Furthermore, an ICT agency may provide an enhanced opportunity for education to achieve a vibrant technology-enabled youthful demographics to trigger the creative effervescence required for a breakthrough in science and technology to achieve a breakthrough in socio-economic and political consequences. The economic fallout, anti-investor consequences, and stalling opportunities for youth employment and job creation are no financial consequences. However, this area has shown tremendous potential to attract investment in information and communication science and technology. A vibrant technology-driven sector can create high-quality, well-paying jobs and deconstruct the present stultification and a threat to the cozy arrangements into economic prominence.

Mamudu: Using propaganda to stymie information, communication, science, and technology is a lost battle. While the struggle lasts, there is an opportunity cost. Lost investments are mounting in a country starved of jobs. The price of an antediluvian public policy influencer is horrendous. Civil society and vital components such as the organized business sector had better speak out of self-interest now. The informal sector, which has become so dependent on the new technologies, is a clear existential threat (plumbers, myriad artisans, and traders now consider belonging to WhatsApp groups, Twitter, etc., as de rigor).

Mamudu: President Adama Barrow has to slash and merge his many departments and ministries with constitutional powers. I, therefore, cannot rate the performance one way or the other. However, I published memoranda and proposals to eliminate the Department and Ministry of Information. The NPP/APRC-led coalition campaigned on the platform of change. The public service has a vital role in designing and implementing a comprehensive change program. To succeed, the public service has to realign its structure, re-engineer its processes, develop performance benchmarks and the appropriate monitoring and evaluation instruments, and link its service-delivery mechanisms with citizens’ preferences and priorities.

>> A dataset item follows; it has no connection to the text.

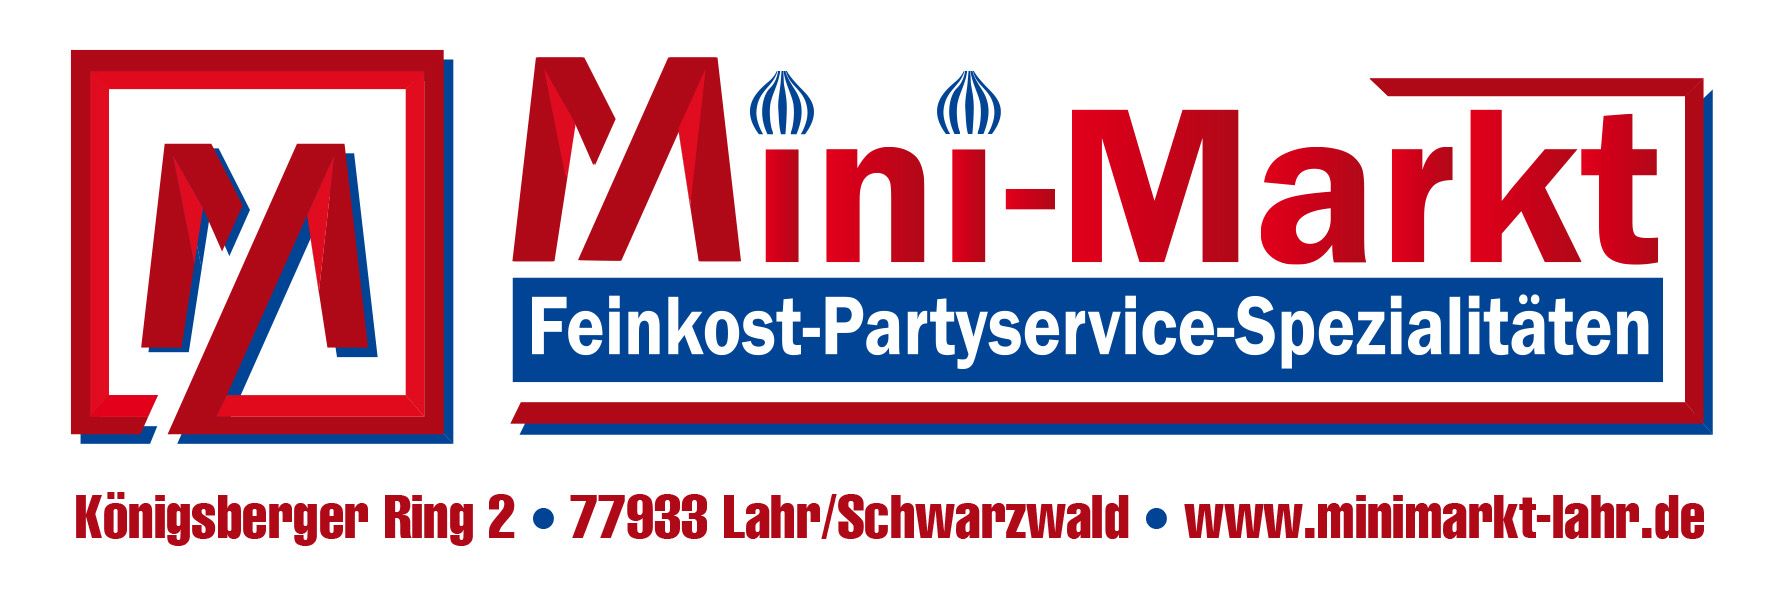 Mini-Markt Feinkost-Partyservice-Spezialitäten

President Adama Barrow and his government should try to slash the number of departments and ministries and even the number of cabinet ministers by combining some departments in the process of reconfiguring the state and improving public sector efficiency challenges and opportunities, whereas President Barrow’s new government seen as an integral part of his administration to attempts to tackle the legacy of having more extraordinary powers after merging with the many numbers of departments and ministries to reduce the size of government and Cabinet ministers. This is a significant move toward downscaling the size of government. Many believe a government meant to serve 2 million people should not be bloated, which is agreed upon by a consensus. Of course, President Barrow must immediately reconfigure and slash the size of his cabinet in an ideal. However, we also see it as a process that should finally lead us to the blueprint type of government we all seek.

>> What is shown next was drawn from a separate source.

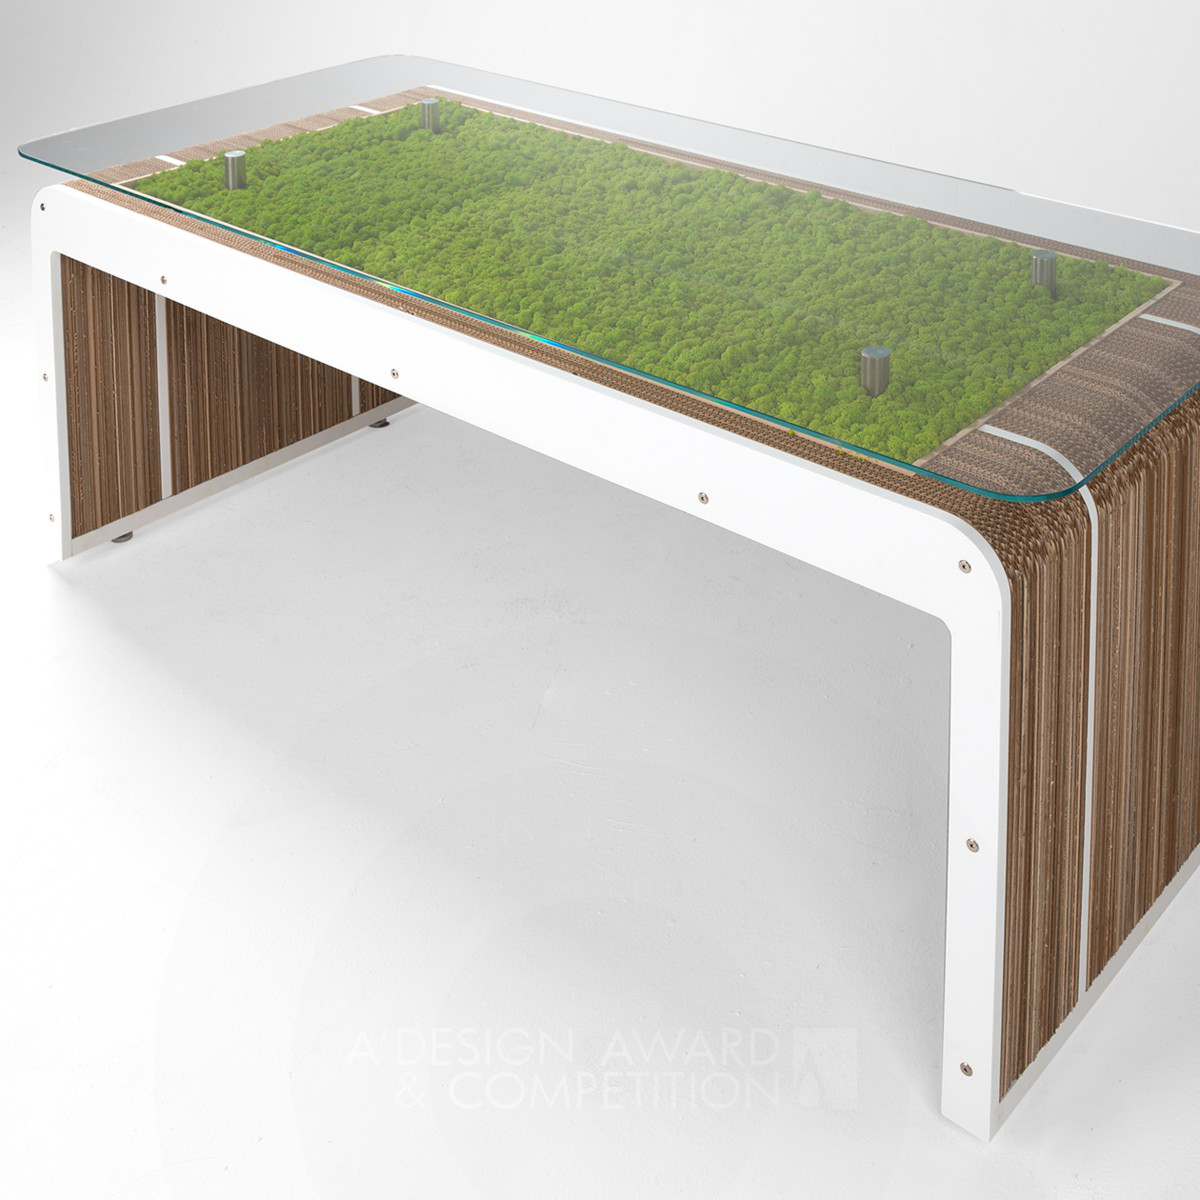 MorePlusDesk with moss Table by Giorgio Caporaso

Mamudu: If the NPP wants to burnish its change credentials (and prove that it is genuinely committed to change), the public service ought to have been its priority. President Barrow needs to move decisively and take control of the situation fast. Appointment of competent, merit and loyalist Cabinet Ministers (as I earlier recommended) is a good starting point. With the NPP Administration getting ready for the second lap of its first-year race (with time and opponents), President Barrow’s well-wishers must prevail upon him to act fast.